March 20, 2008 at 3:43 pm (voicethread)

As I read about the many suggestions for uses of VoiceThread in teaching and learning lightbulbs started going off in my head! 

VoiceThread provides a new dimension to student fieldtrips beyond the capability of Flicker or podcasting.  The ability to collaboarate and engage the community in commenting or contributing content through text, audio or video takes VoiceThread to a whole new level not offered by the other web 2.0 tools. 

The new Alberta Social Studies curriculum is inquiry based.  A way to get students thinking as historians and historical thinkers is through primary sources. Students could display an image in a VoiceThread, being sure to respect copyright, describe what they see along with their interpretation of it, ask their peers to present their interpretations and invite experts outside the school to contribute as well – either from a local high school, post-secondary institution located in another city or on the other side of the world.  Youth Source: Youth and Heritage Learning Source, pictured above, has great resources on how to read a primary source, oral histories  and others.
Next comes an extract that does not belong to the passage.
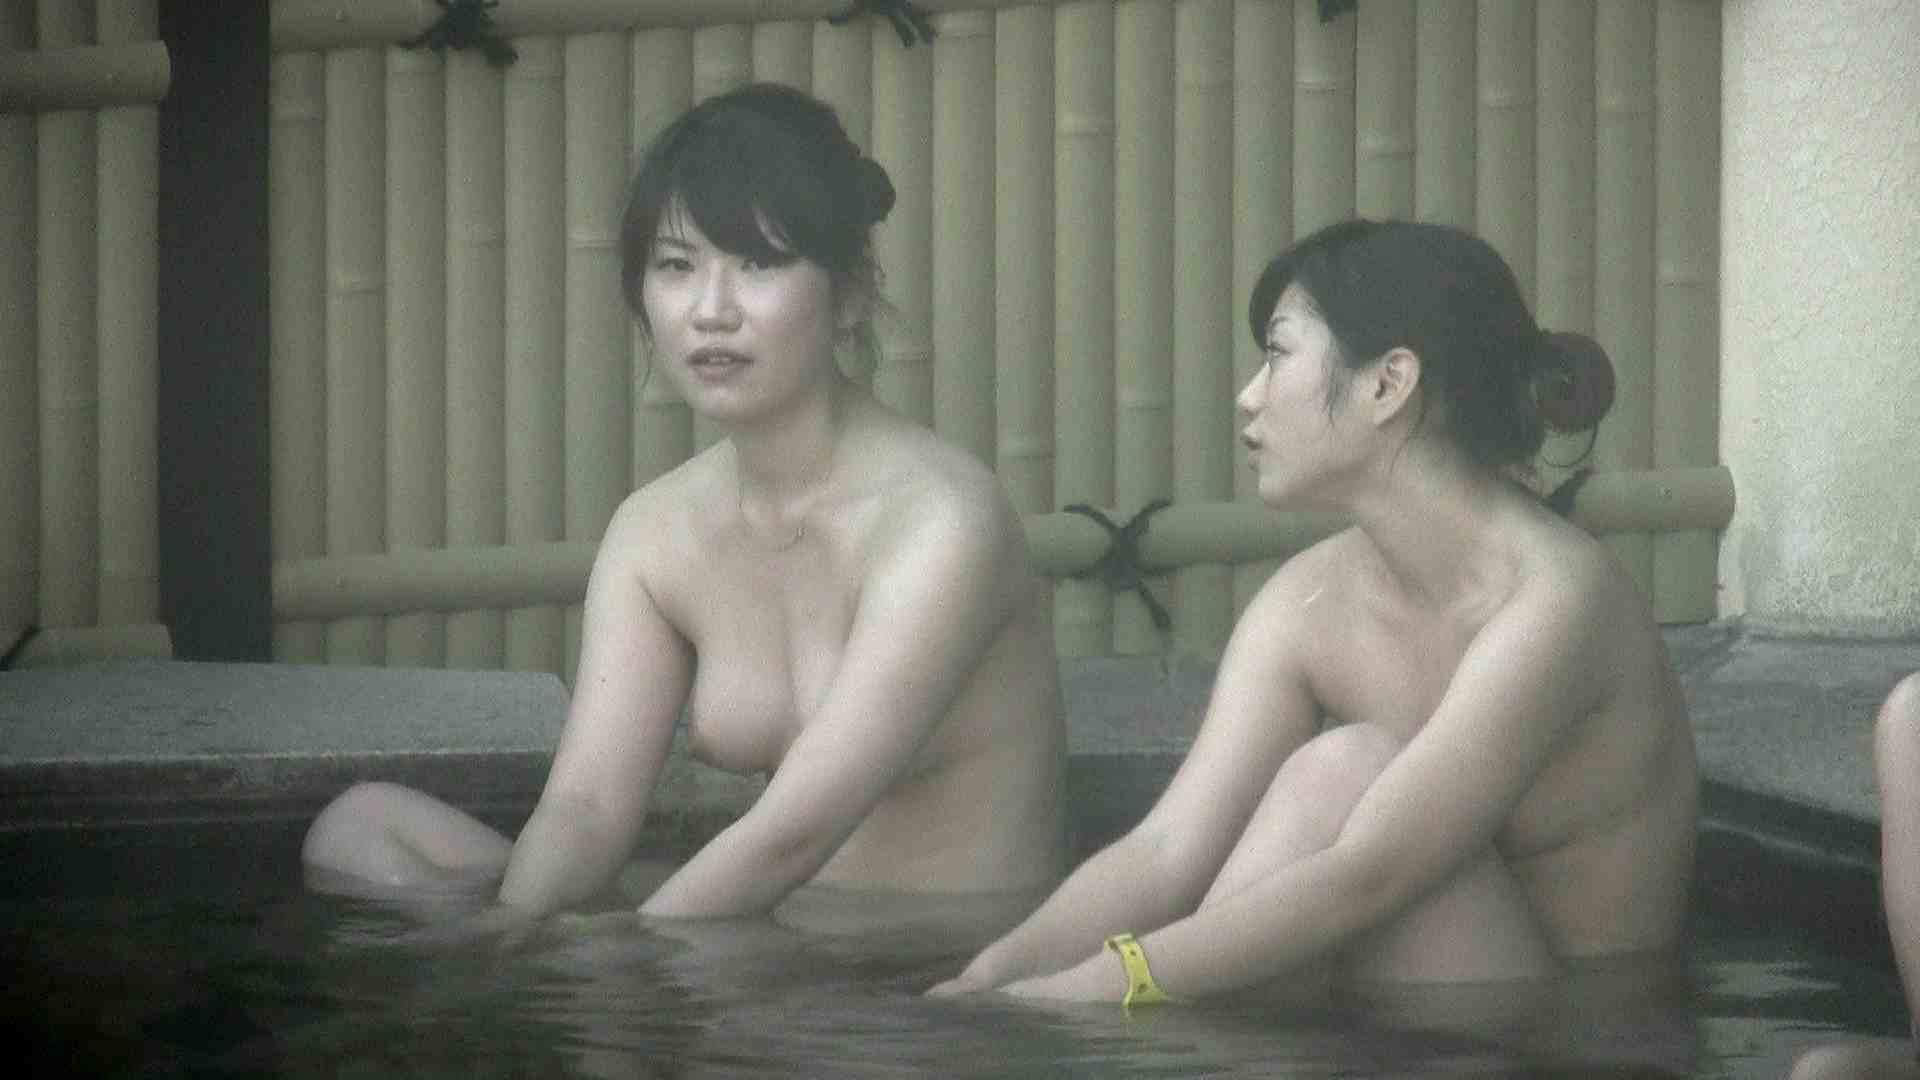 Aquaな露天風呂Vol.206 露天 | HなOL  74pic 9

Examination of images does not have to be limited to primary sources.  It could be used to analyze the quality of presentation, layout, point of view or bias in print ads or video media or other elements of visual literacy.  VoiceThread could be used as a tool for students to convey their exploration and demonstrate their developing visual literacy.  The VoiceThread could be a digital portfolio of this or any other topic made more powerful by the ability of the learner to “doodle” as they narrate their thinking and others to contribute or comment on the learning.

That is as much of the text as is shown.